全脊連発足(1959年)の背景とその経緯

全国脊髄損傷者連合会の前身である全国脊髄損傷患者療友会は、労働災害で脊髄を損傷し、重度障害を負った人々の終身年金補償制度を求めて、1959年10月に、神奈川県の国立療養所箱根病院で発足した。

当時、1947年4月に施行された「労働者災害補償保険法」は、次のような条文であった。

「第81条(打切補償)、第75条(療養補償)の規定によって補償を受ける労働者が、療養開始後3年を経過しても負傷又は疾病がなおらない場合においては、使用者は、平均賃金の1,200日分の打切補償を行い、その後はこの法律の規定による補償を行わなくてもよい。」とあり、絶対に治らない重度の障害があるにもかかわらず、3年間の補償だけで打ち切られ、後は何の補償もなかった。

その後、1955年7月に「けい肺及び外傷性脊髄障害の療養等に関する特別保護法」が参議院で可決され、長期にわたる職業性疾患の場合は、手当支給を2年間延長されることになった。しかし、この法律で保護されたのは、法律が公布された日以降に打ち切り補償を受けた被災者だけで、それ以前の被災者は何の補償もなかった。

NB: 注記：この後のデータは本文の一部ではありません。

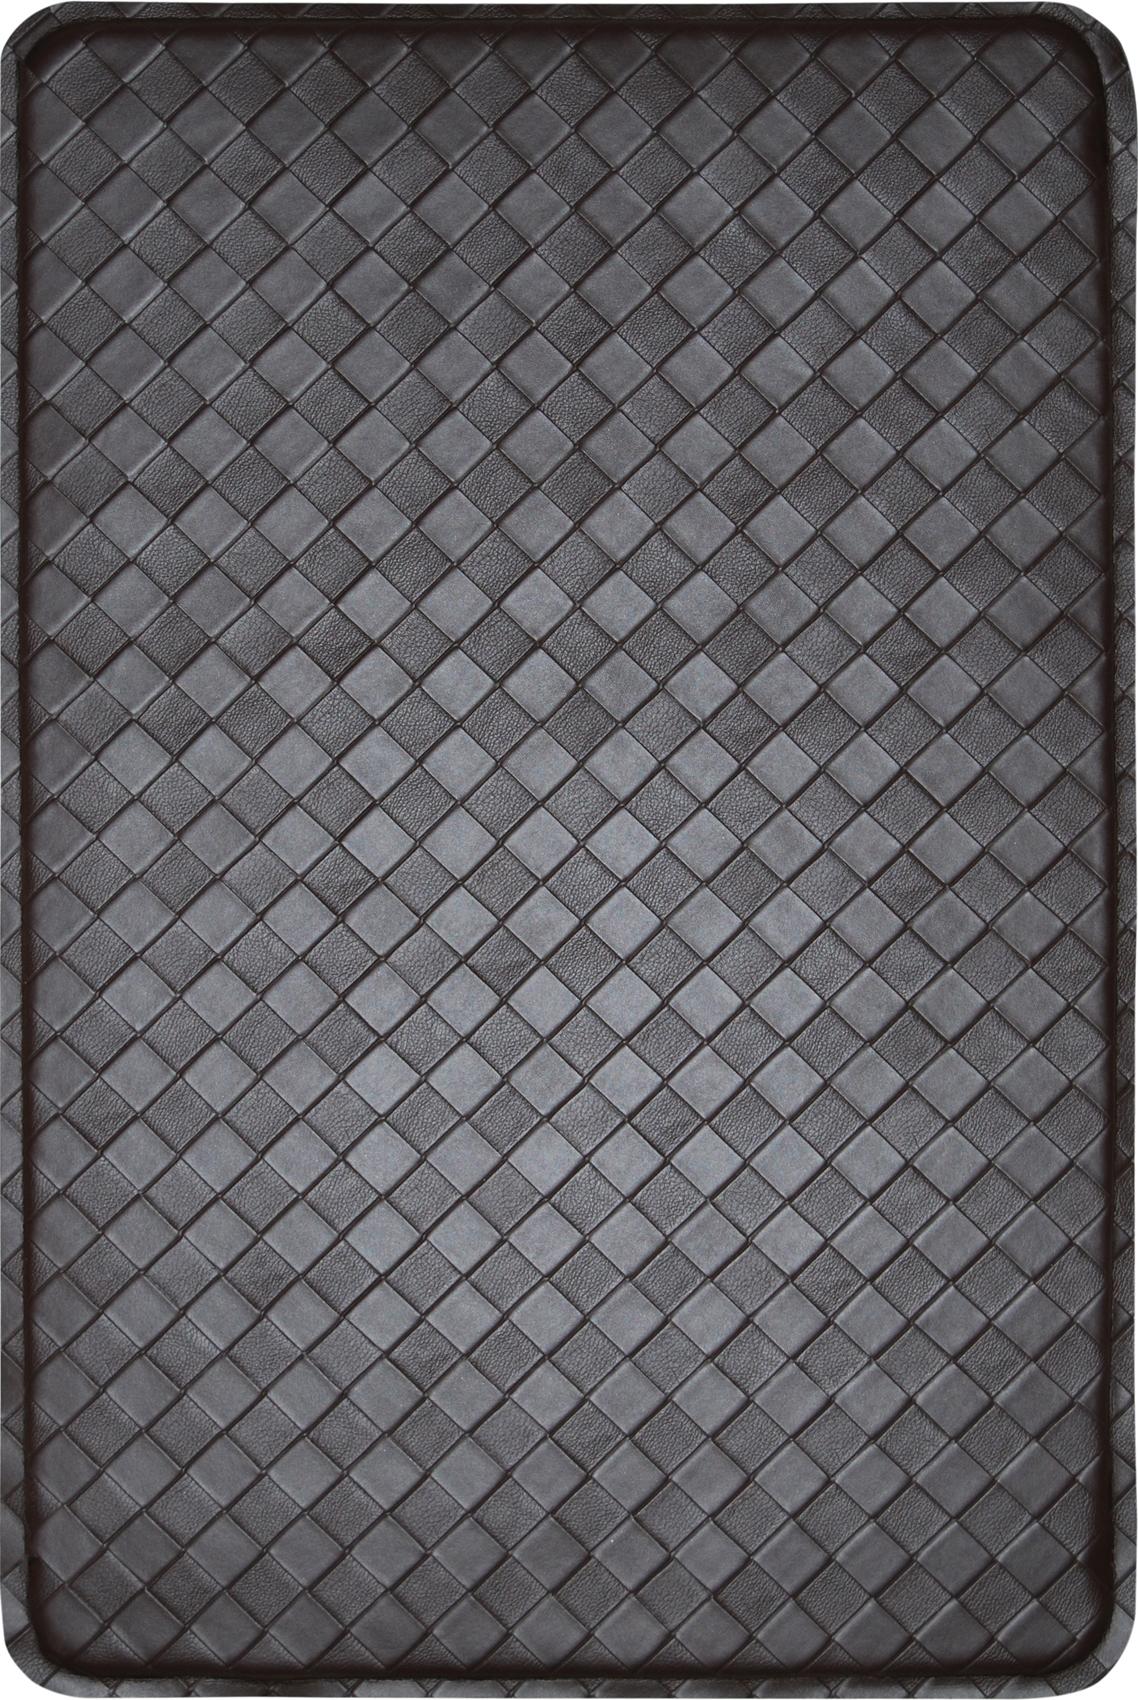 kitchen floor mats Modern Indoor Cushion Kitchen Rug Anti Fatigue Floor

1958年3月「けい肺及び外傷性脊髄障害の治療等に関する臨時措置法」が可決され、さらに2年間の保護が延長された。同時に、政府は1960年度中に恒久保護対策を樹立するための法案を国会に提出する義務を負うことになった。そこで、労働大臣の諮問機関として公、労、使から各1人、計3人の委員で構成される「けい肺審議会」が設置された。

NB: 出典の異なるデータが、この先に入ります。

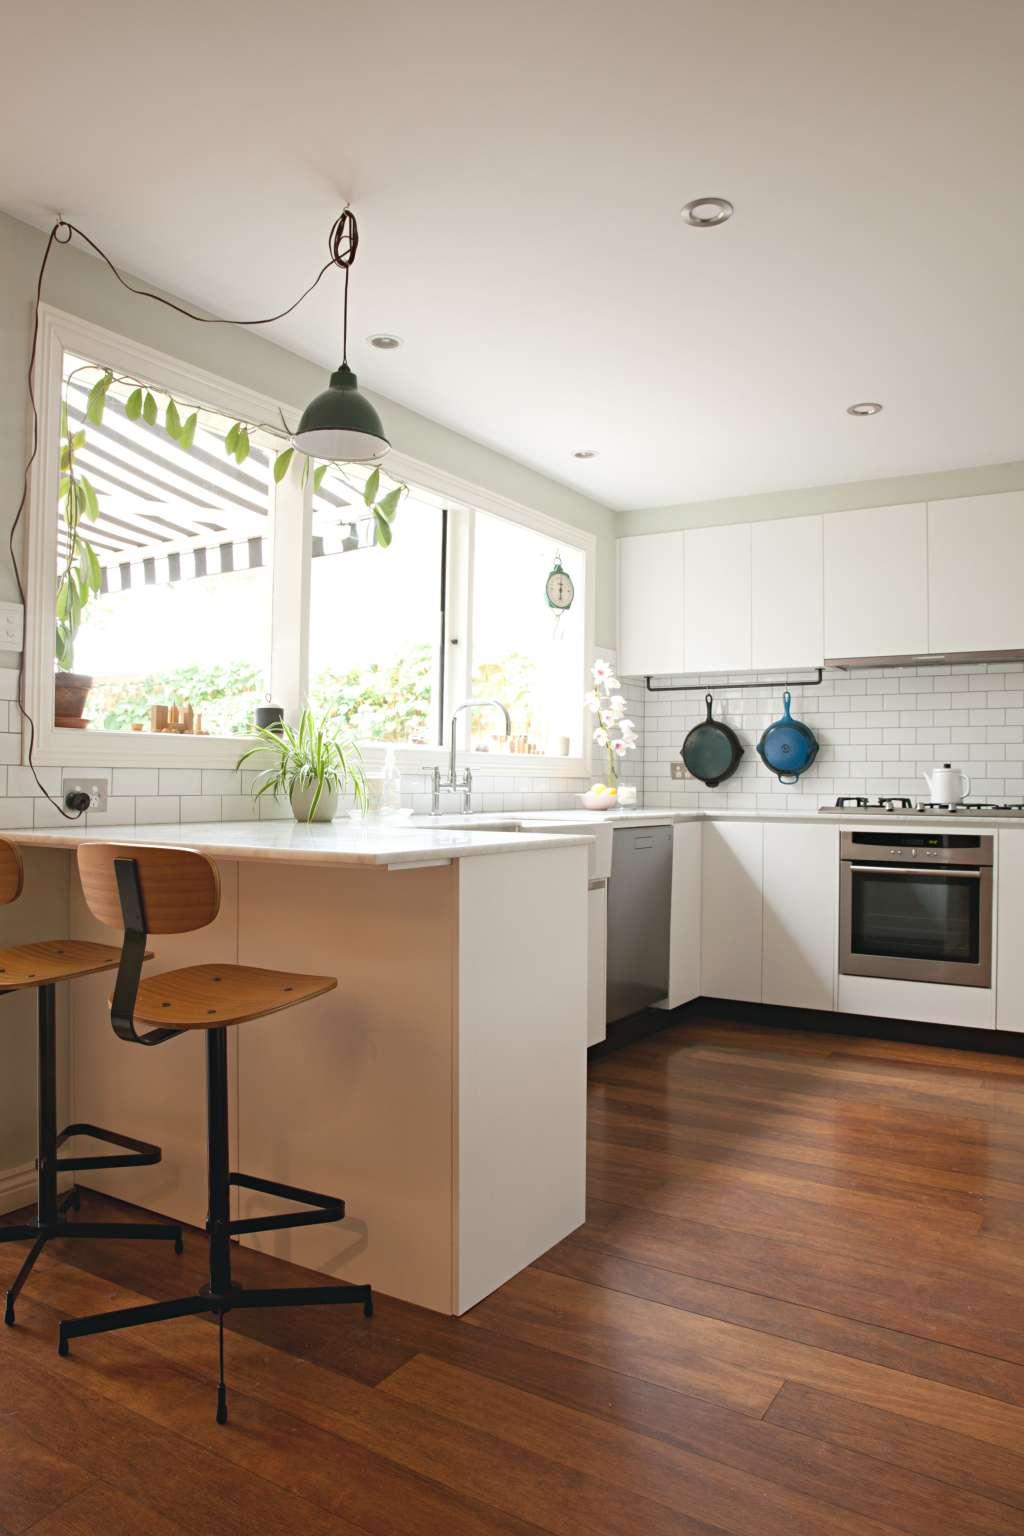 House Tour: A Vintage & Modern Melbourne Home

ところが、この審議会の席上、使用者側委員が、突然「脊髄障害を保護対象から除外せよ」と言う暴言を発した。

これを聞いて全国の脊損患者は、血が逆流せんばかりの怒りを覚えたと言われていた。

この暴言がきっかけとなり、国立療養所箱根病院の脊損患者が主導的になって、全国の脊損患者と大同団結して、使用者側委員の暴言「脊髄障害除外」を撤回させると固く決意して、全国の労災病院と主要な病院に入院している脊損患者に全国組織の結成を呼び掛けた。

その結果、全国各県単位で22支部、900人の会員で構成する全国組織が集大成され、初代会長に伊藤治夫が就任し、早速、国会陳情や要望活動など療友会の活動が始まった。

この年の11月3日には、小金義照自民党組織委員長、田中正巳自民党社会部長、永山忠則衆議院議長、厚生、労働両省の幹部をわざわざ国立療養所箱根病院に招き、脊損の永久保護を直接陳情した。こうした活動の結果、1960年3月に『労災法』が改正され、待望の年金補償制度が導入されることになった。